Setup_daq or play_daq can be used. The text_gui is invoked with the options
-ut --usercycle text_gui in setup_daq. The file text_gui must be copied to the
home directory or the full path to text_gui must be entered.
setup_daq_n_times:
Where can I find it ? Not yet in release tdaq-01-02-00, but you can find the script and the example described below in /afs/cern.ch/user/a/atlonl/public/tools/execution
setup_daq_n_times is a script to run setup_daq 'n' times (displayed as
loop count) for every partition listed in a partitions file, with the option of
repeating indefinitely from the start of the partition list when it has reached
the end. Read the help information given with the -h option for more info. An
example of its use is given for running over a list of partitions 20 times
each, executing a user defined timing script. Optionally a short summary mail is
send when the script is terminated.

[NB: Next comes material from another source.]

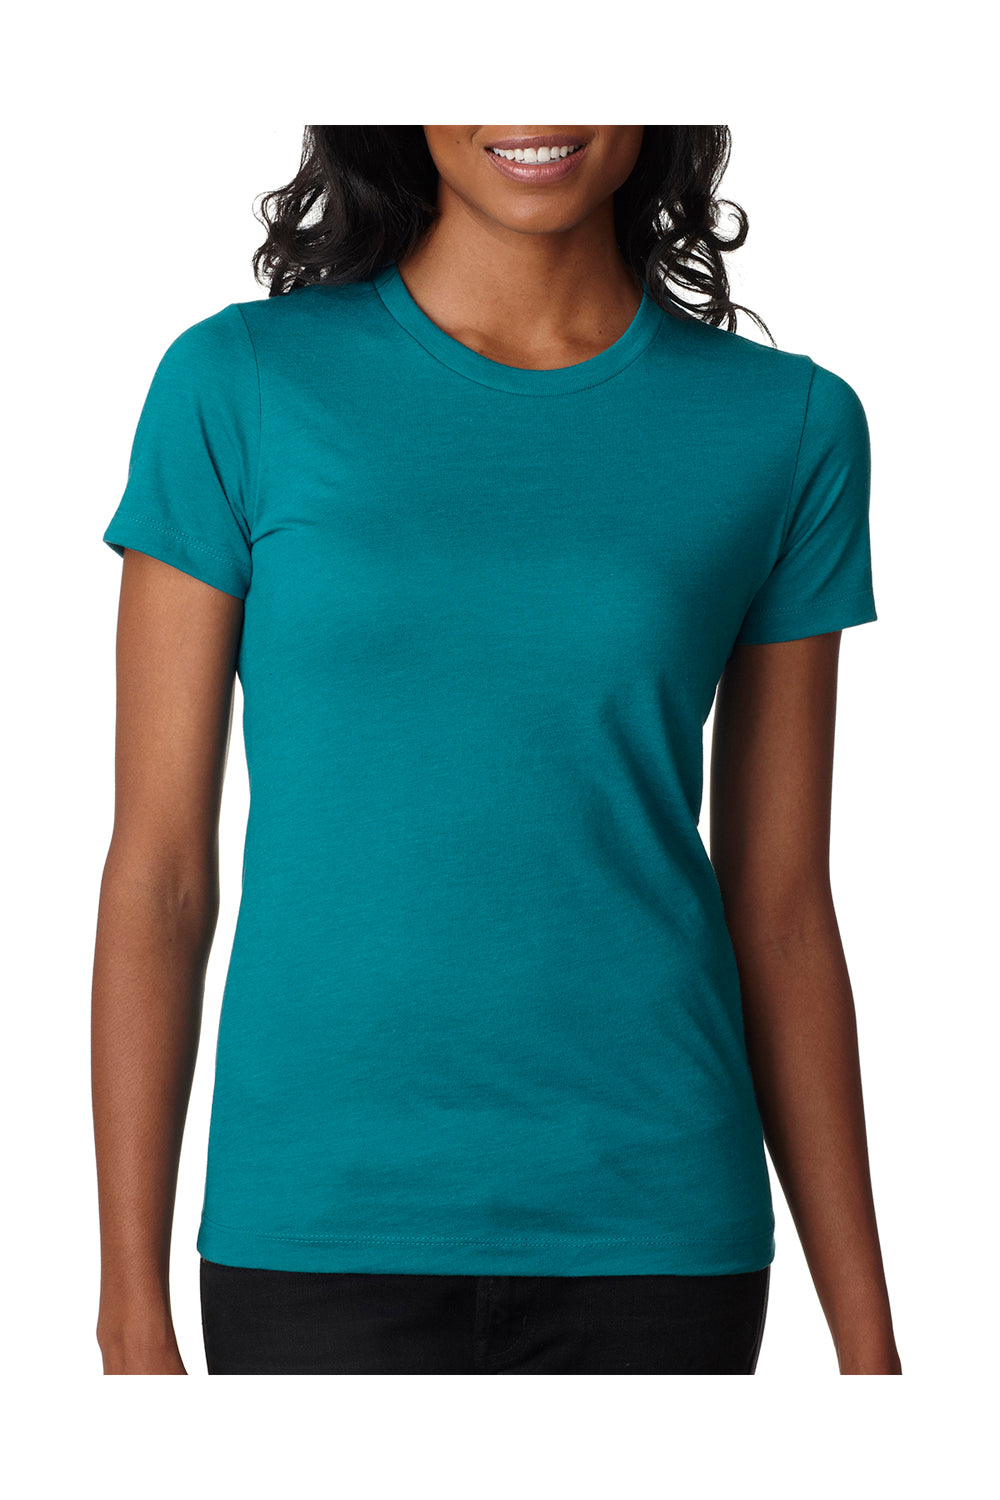 Next Level 6610 Womens CVC Jersey Short Sleeve Crewneck T-Shirt Teal Green Front

The command line would look like:
setup_daq_n_times -p myPartitionList -n 20 -ut --usercycle <pathname_of_usercycle_file>
-m <email-address>
The results files produced by a series of .play_daq_usercycle can be analysed with the tool analyse_results_usercycle3.pl.
Where can I find it ? Not yet in release tdaq-01-02-00, but you can find the script and the example described below in /afs/cern.ch/user/a/atlonl/public/tools/analysis
DESCRIPTION
Normally, using the automatic execution procedure, a set of partitions is run
n times, for example using play_daq_n_times (note that the corresponding
setup_daq_n_times is in preparation).
The analysis script produces scatter plots for each measured transition (setup,
boot, configure, etc) for each partition which is referenced in the file.
Note that the criteria is the datafile name, not the partition name.
In addition, the average of each partition for the respective number of runs
is calculated and displayed in a comparison plot per transition for all the
listed partitions, versus the number of controllers contained in the
respective partition. Failures are not counted. This is in particular useful
when having run partitions of different sizes in terms of included
controllers. The ps file can be viewed with gvv or another tool.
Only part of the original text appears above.